If you live in Islamabad, Rawalpindi or Lahore, get into your car and drive up to Nathiagali. Don’t stay in the overpriced hotels in the town. Most of them are terrible and definitely not worth even a fraction of what they charge.
Instead, stay in the main market or better still, try and get one of the many government or military resthouses in the Galiyat area. These can be booked for nominal rates.
Those who live in the Islamabad/Rawalpindi area can make this into a day trip, while those who live in Lahore can get away for the weekend. Major cost is fuel and food, and, if you are staying overnight, a cheap rest house or cheap-ish hotel in Nathiagali Bazar.
Interesting activities in the area include hiking along the famed pipeline walk — from Doonga Gali bazaar to Ayubia — or climbing up the 3,000-metre high Mushkpuri peak (from Doonga Gali bazaar).

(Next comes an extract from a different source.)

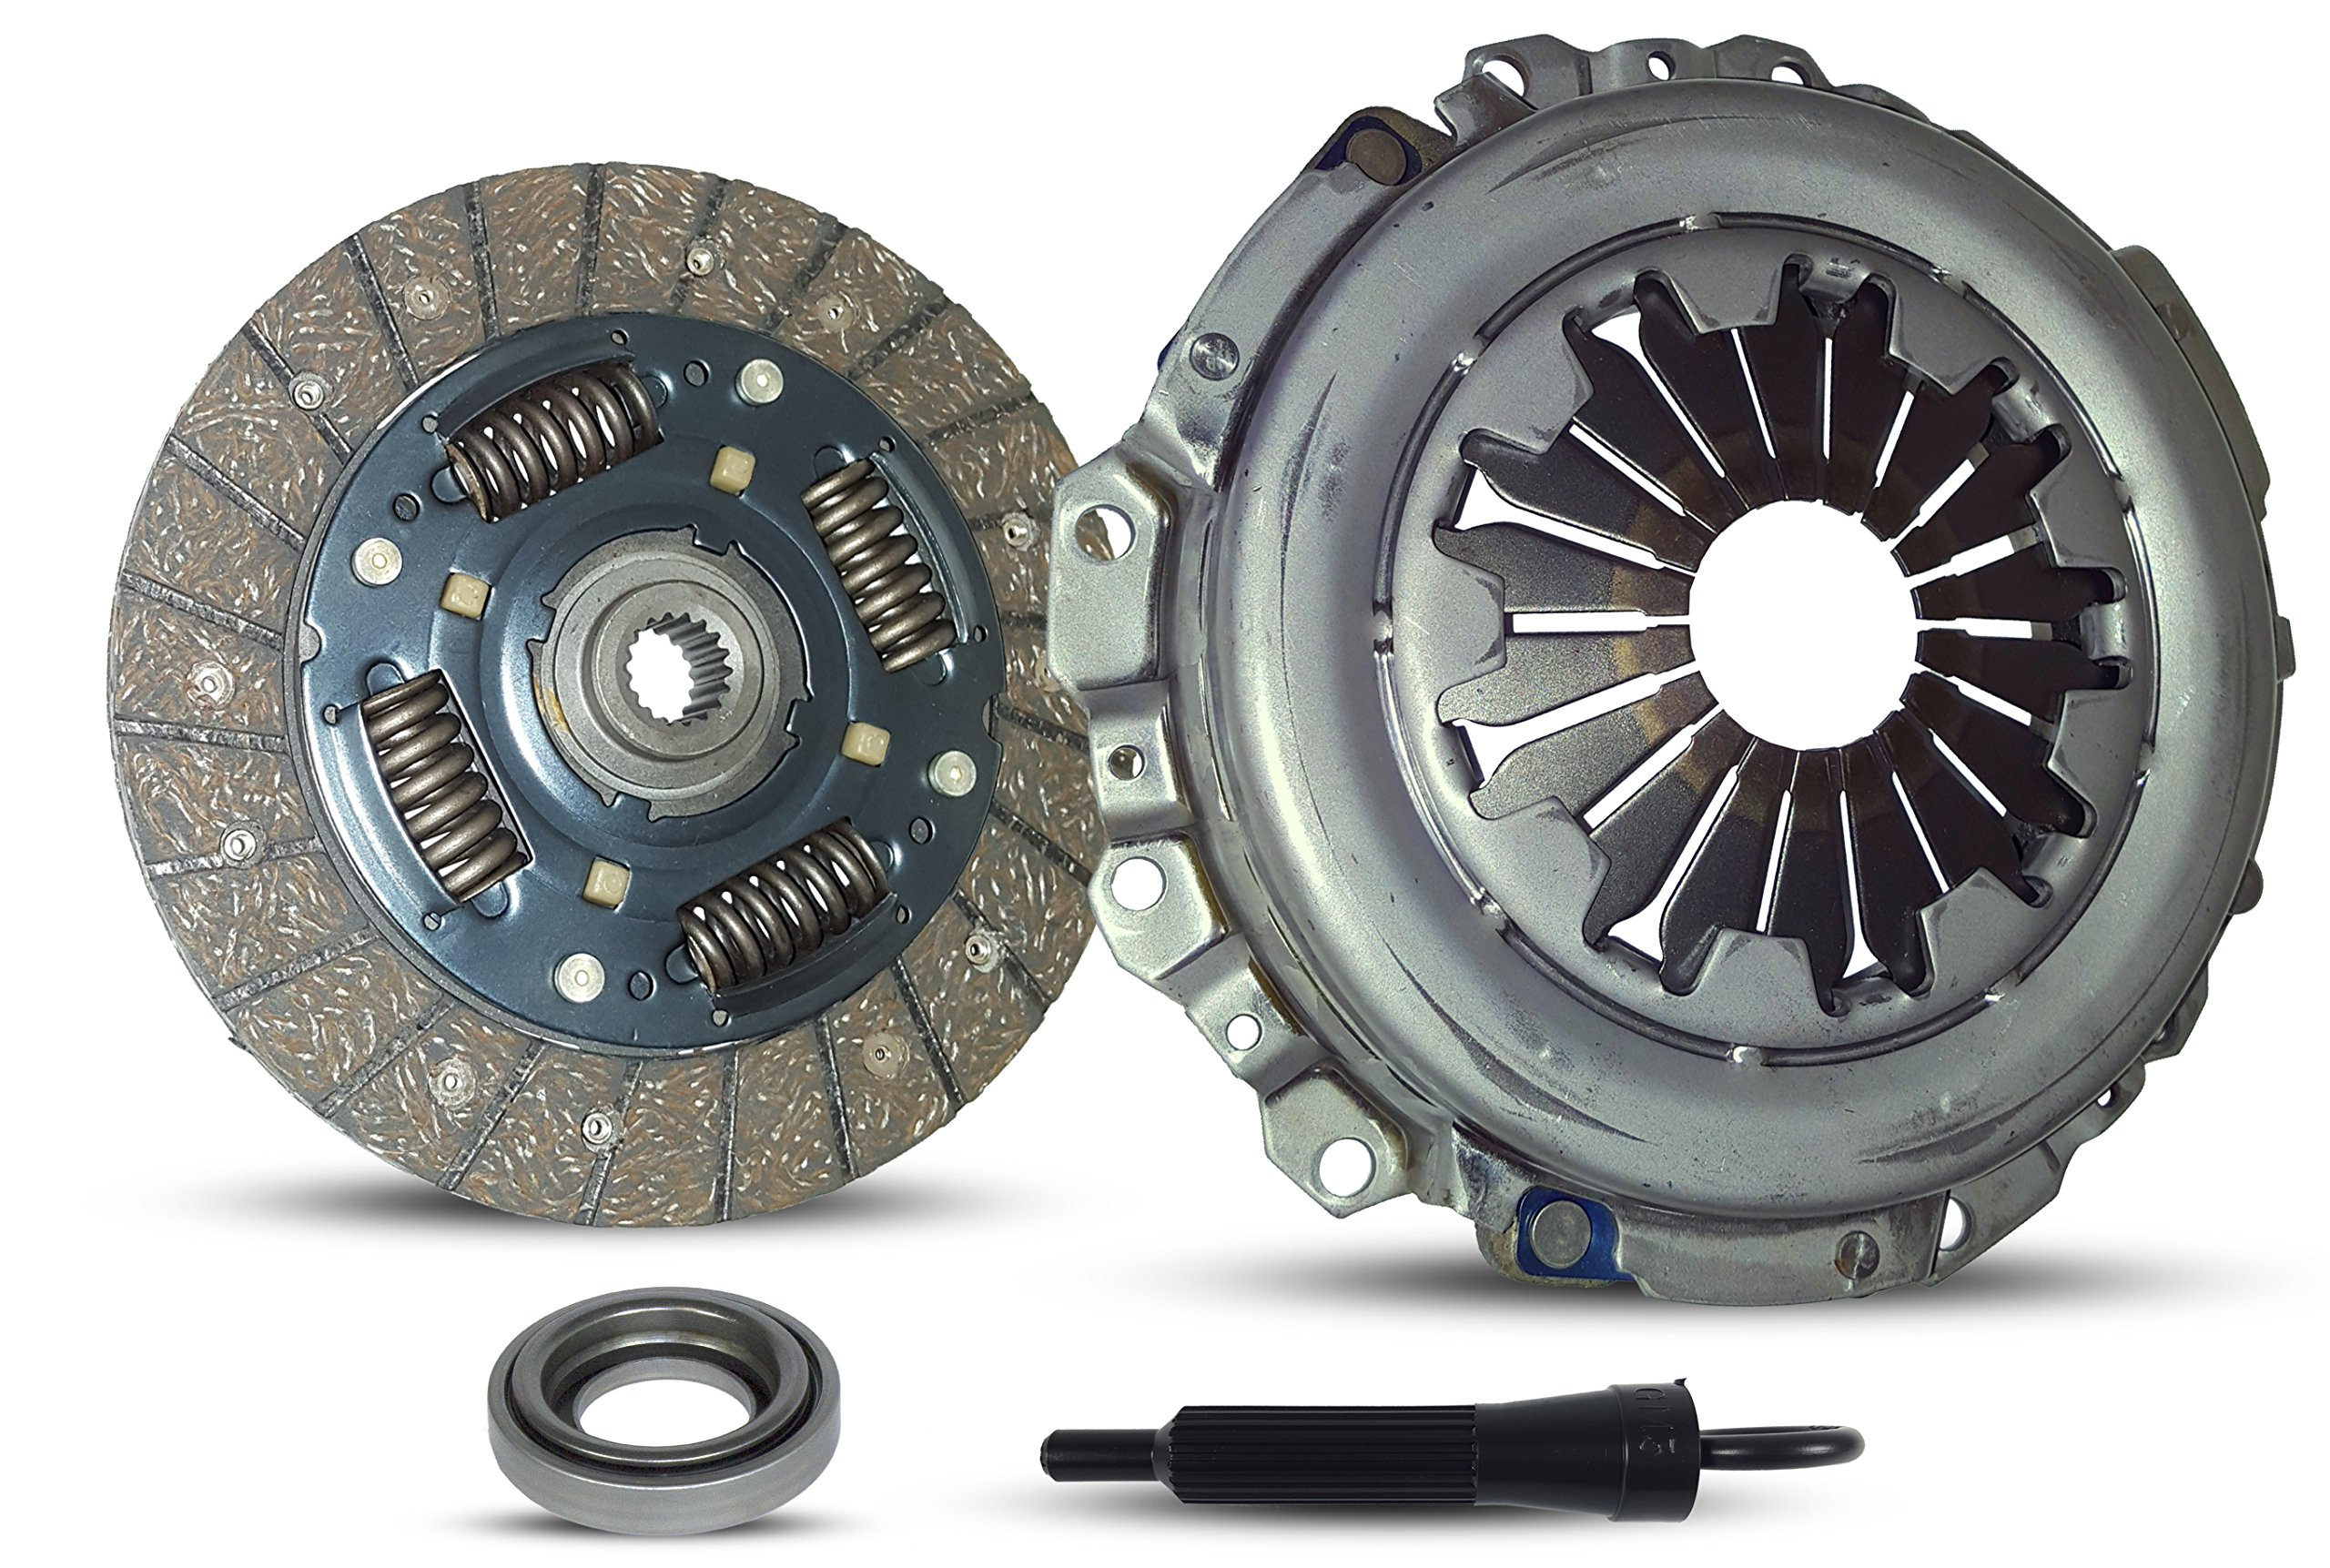 Clutch Kit Works With Set Pontiac Matiz Chevy Spark Byte Cargo DOT LS LT LTZ DOT ZMX Base Hatchback 2011-2015 1.2L l4 GAS DOHC Naturally Aspirated

If you’re in Karachi, make a day trip to Makli in neighbouring Thatta district. This is less than 100 kilometres from Karachi, and has a necropolis which is listed by UNESCO as a World Heritage Site. It has over 125,000 graves of local rulers, saints and others, with the oldest dating back to the 14th century CE.
Makli makes for an easy day trip, though one should avoid travelling in the warm summer months. The only expense is food and fuel.
4. Rohtas Fort
From Lahore, Islamabad, Rawalpindi, or Gujranwala, you can plan a day trip to explore the Rohtas Fort near Jhelum. The fort was built by Raja Todar Mal in the 16th Century, on the orders of Sher Shah Suri, to put the local warring tribes of the area in their place. Todar Mal eventually rose to be a finance minister in Emperor Akbar’s Darbar.
The fort is just off the GT Road and offers an exciting half-day worth exploring. Also nearby is the famous Tilla Jogian, which rises 900 metres above sea level and offers spectacular views of the surrounding area in Jhelum district.
If in Islamabad or Rawalpindi, make a day trip to the incredible Taxila Museum and see the ruins of the Buddhist city that dates back over 2,300 years. The site is situated less than an hour’s drive from the Twin Cities and is a reminder to all of us that, contrary to what our Pakistan Studies textbooks teach us, our past is not exclusively Muslim.
6. Gorakh Hills: If in Karachi, take a trip to the Gorakh Hills in Dadu district. This is the highest point in Sindh at 1,734 metres and gets cold enough in the winter for it to snow. The place is part of the Kirthar National Park and has a rest house on the top which can be booked through the government. Again, the cost is fuel and the relatively cheap rent for the guesthouse. The top of the hill offers some spectacular views of Sindh’s mountain scenery, something not known even to most Karachi residents.
Residents of Lahore can take a trip to the Wagah border checkpoint and see the much-hyped flag hoisting ceremony that takes place every evening by Pakistan Rangers and India’s Border Security Force. At least one trip to watch this should be mandatory for every Pakistani to get an insight into much of what goes into the making of the Pakistan-India relationship. Of course, in this instance, the key ideas are to treat the neighbour as an enemy who should be kept at bay and treated with disdain (both sides adopt this view through this histrionics-filled daily exercise).